È un peccato che lo spunto iniziale –  il divieto posto dal padre al figlio di tuffarsi nel fiume, alla Caldare, dove è morto quel ragazzo – nel corso della storia un po’ si perda e sia poco sfruttato narrativamente per definire l’emotività del protagonista, scisso tra l’amore (il primo) per l’inafferrabile Céline (che parla solo francese e quindi il flirt tra i due è per lo più silenzioso, fatto di sguardi, mani che si toccano, segni e indizi non sempre reciprocamente compresi) e l’attrazione verso Arcangelo Gori, il padre del bambino morto, diventato una sorta di mina vagante a Pieve Lanterna. Gori è l’anti-protagonista, l’uomo che si è perso, che urla il proprio dolore, che non ha superato il lutto, che va alla ricerca delle aquile e dei fossili, lui stesso fissato e materializzato per sempre in un determinato tragico passato. Solitario e ubriacone, incute timore ai ragazzi e ancora di più agli adulti. Rappresenta qualcosa da cui non si può scappare, turba il corso seppur poco naturale delle cose perché non accetta di riprendere la rappresentazione del quotidiano. A ridurlo così non è stata solo la morte del figlio ma sono anche i fantasmi mai placati dell’adolescenza, delle ingiustizie subite, della paura. All’adolescenza del protagonista fa infatti da contraltare l’adolescenza di suo padre, vissuta a Pieve Lanterna con Arcangelo Gori e con i padri dei suoi amici. L’amicizia tra i ragazzi – tutti rigorosamente maschi – è il minimo comune denominatore tra le due generazioni, entrambe raccontate nell’età in cui il mondo maschile e quello femminile sono (e irrimediabilmente) scissi e si incontrano solo agli autoscontri, nella giostra dei calci in culo, in coda per lo zucchero filato e a fare il bagno lungo il fiume. Amicizia e solidarietà ma anche rivalità e prevaricazione, in un universo piccolo e protetto (fino a un certo punto, perché i pericoli arrivano dall’interno) come quello di un paese appenninico dove nessuno si fa i fatti propri, tutti guardano tutti e si giudica un uomo da quanto ordinata è la catasta di legna nel suo cortile.

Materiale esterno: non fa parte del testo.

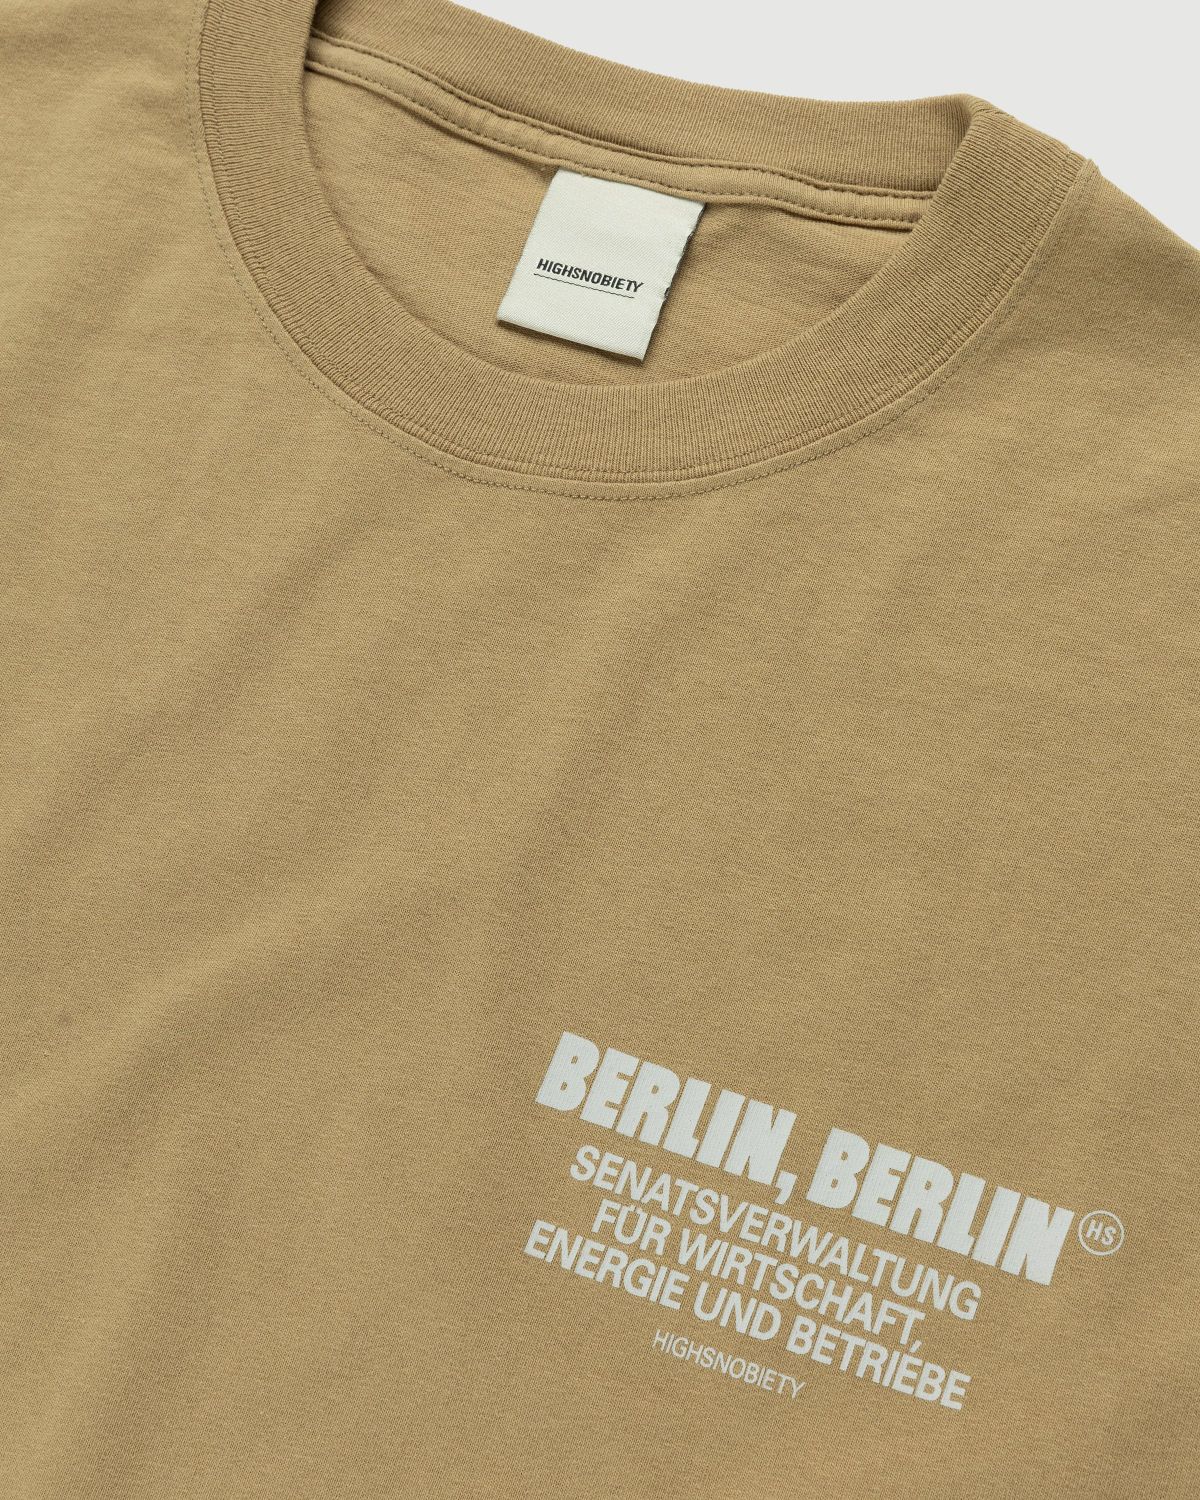 Highsnobiety – BERLIN, BERLIN 3 T-Shirt Military Green - T-Shirts - Beige - Image 4

L’universo femminile è fatto solo di nonne e nipoti. Le madri sono pressoché assenti, le ragazzine sono esseri misteriosi con impulsi e desideri che il protagonista non comprende e che lo scombinano: “Ero proprio come un cane nel giorno in cui scopre la neve e non si raccapezza più di niente”, pensa invaso dal pensiero e dall’attrazione per Céline. Anche il rapporto tra genitori e figli è più che altro il rapporto tra figlio maschio e il padre: interrotto per i Gori; difficile tra i due amici del protagonista, Achille e Giorgio, e i rispettivi padri; positivo invece, tutto sommato, tra i due Corsi, il protagonista (di cui ignoriamo il nome) e il padre Sebastiano, che compare in presenza all’inizio e alla fine del libro mentre in tutta la parte centrale è a distanza, a Roma, all’altro capo della cornetta nelle ricorrenti telefonate serali con il figlio.

In tutto quel “tempo degli spettri”, dove la morte di un coetaneo è qualcosa di inesplicabile e fuori luogo e dove la paura è ancora quella dei bambini, il cuore trabocca emotività, è un cuore non fortificato – come dice il re di Danimarca ad Amleto, ricordato nell’epilogo del libro. Ma, d’altra parte, essere fortificati significherebbe non sentire nulla, e quindi chi come il protagonista non finge maturità e freddezza e ha imparato a usare il “forse” sin dall’età dei sei anni, possiede una forza destinata a durare. “Anch’io avevo paura, ma almeno non me lo nascondevo, e questo mi dava quell’unica forza in più rispetto a Giorgio, per quanto possa sembrare strano. Avevo visto il riflesso di Andrea Gori nell’acqua, ma potevamo esistere entrambi. Per Giorgio, no. Quel coglione, aveva detto suo padre, per escluderlo dall’orizzonte degli eventi e ricacciarlo nel buco nero. E anche lui, parlandone la prima volta quando mi aveva detto della piena, aveva sottolineato il tuffo maldestro troppo vicino al getto, come se la questione potesse ridursi a una mancata accortezza e non alla morte in sé.”

Se la liberazione dalla paura è forse impossibile e i fantasmi continueranno ad abitare – mascherati da qualcos’altro – lo spazio accanto agli adulti, nel giovane Corsi l’imperfezione della vita sarà quantomeno resa più mite dal percorso di conoscenza del padre che non a tutti, negli anni dell’adolescenza, è dato: “Andavo verso una meta che non esisteva, ma era lì che mio padre mi aveva comunque raggiunto”.